É possível traçar parâmetros objetivos de “mal injusto e grave” tratando-se de crime de ameaça?

Enzo Fachini


Nesta semana, a 6ª Turma do Superior Tribunal de Justiça (STJ) determinou, durante o julgamento do Habeas Corpus nº. 697.581, o trancamento de uma ação penal intentada contra uma pessoa que teria, de acordo com a acusação, contratado outra para “realizar um ‘trabalho visando eliminar diversas pessoas, de forma a intimidá-las e prejudicá-las, criando um contexto evidentemente ameaçador”. Conforme o Ministério Público, a pessoa denunciada teria transferido valores para que “fossem adquiridos diversos objetos utilizados no ritual de cunho religioso, como ‘cabeças de cera’, pequenos caixões e um boneco vodu” e, posteriormente, teria escrito o nome das vítimas em um dos pequenos caixões.

No entanto, ao analisar o caso, a 6ª Turma do STJ entendeu que a denúncia não deveria prosseguir.
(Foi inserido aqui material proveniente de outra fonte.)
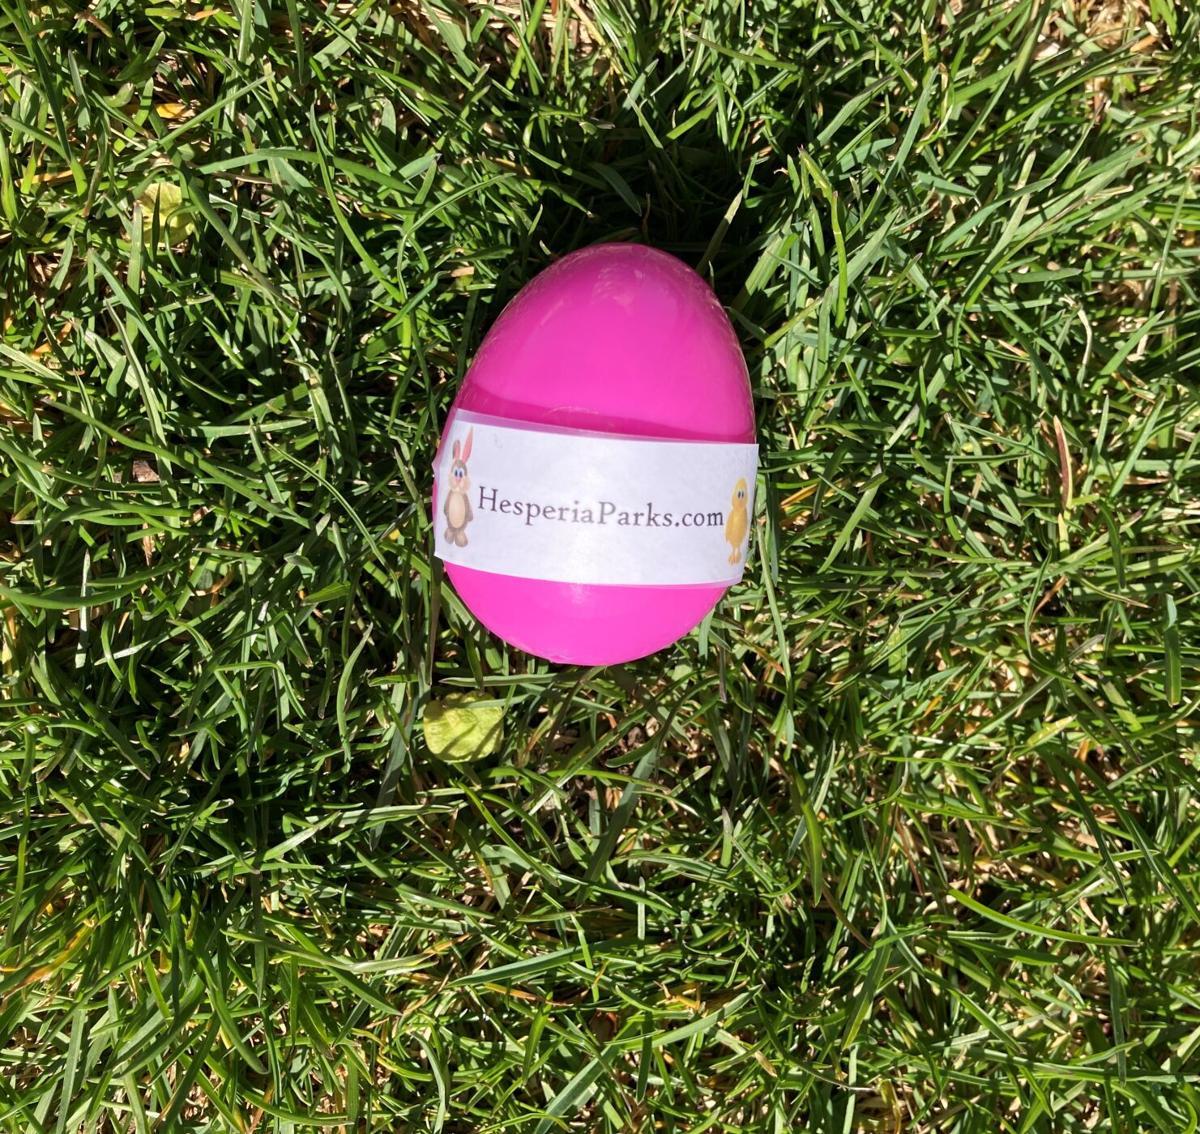 PHOTO: Eater egg from Hesperia Parks

Entre suas razões, a Corte Superior entendeu que “o tipo penal, ao definir o delito de ameaça, descreve que o mal prometido deve ser injusto e grave, ou seja, deve ser sério e verossímil. (…) A ameaça, portanto, deve ter potencialidade de concretização, sob a perspectiva da ciência e do homem médio, situação também não demonstrada no caso”.

Assim, em outras palavras: é preciso que a ameaça seja crível e potencialmente concretizável para que ela possa ser considerada, afinal, uma ameça.

Mas será mesmo?

O tipo penal da ameaça existe de forma autônoma em nosso ordenamento jurídico desde o Código Criminal de 1830, mas foi a partir de 1940 – no Código Penal atual – que o legislador entendeu que, para que seja caracterizado o crime, é suficiente que a ameaça seja exteriorizada de qualquer forma, por meio de “palavra, escrito ou gesto, ou qualquer outro meio simbólico”.

De acordo com o Oxford Languages, ameaçar significa “fazer ameaça a”, “meter medo a” alguém, no caso, a vítima do crime. E aqui talvez seja a morada do perigo da decisão do STJ: medo é um estado de insegurança da Psicologia que é extremamente subjetivo, podendo variar de pessoa para pessoa.

Da leitura do tipo penal, mais parece que o legislador exija que a vítima realmente se sinta ameaçada, mas não que a ameaça tenha “potencialidade de concretização, sob a perspectiva do homem médio”. Entender dessa forma seria permitir que o Poder Judiciário dite, caso a caso, como a vítima deveria ou não ter se sentido, algo tão íntimo que não é possível estabelecer parâmetros, em especial, considerando que a livre escolha de crença é assegurada pela Constituição Federal, em seu art. 5º, VI.

Mais acertado parece o entendimento da mesma 6ª Turma do STJ, ao julgar o RESP nº 1.299.021, no ano de 2017. Naqueles autos, em contexto muito semelhante, a Corte entendeu que “a ameaça de mal espiritual, em razão da garantia de liberdade religiosa, não pode ser considerada inidônea ou inacreditável. Para a vítima e boa parte do povo brasileiro, existe a crença na existência de força ou forças sobrenaturais, manifestada em doutrinas e rituais próprios, não havendo falar que são fantasiosas e que nenhuma força possuem para constranger o homem médio”.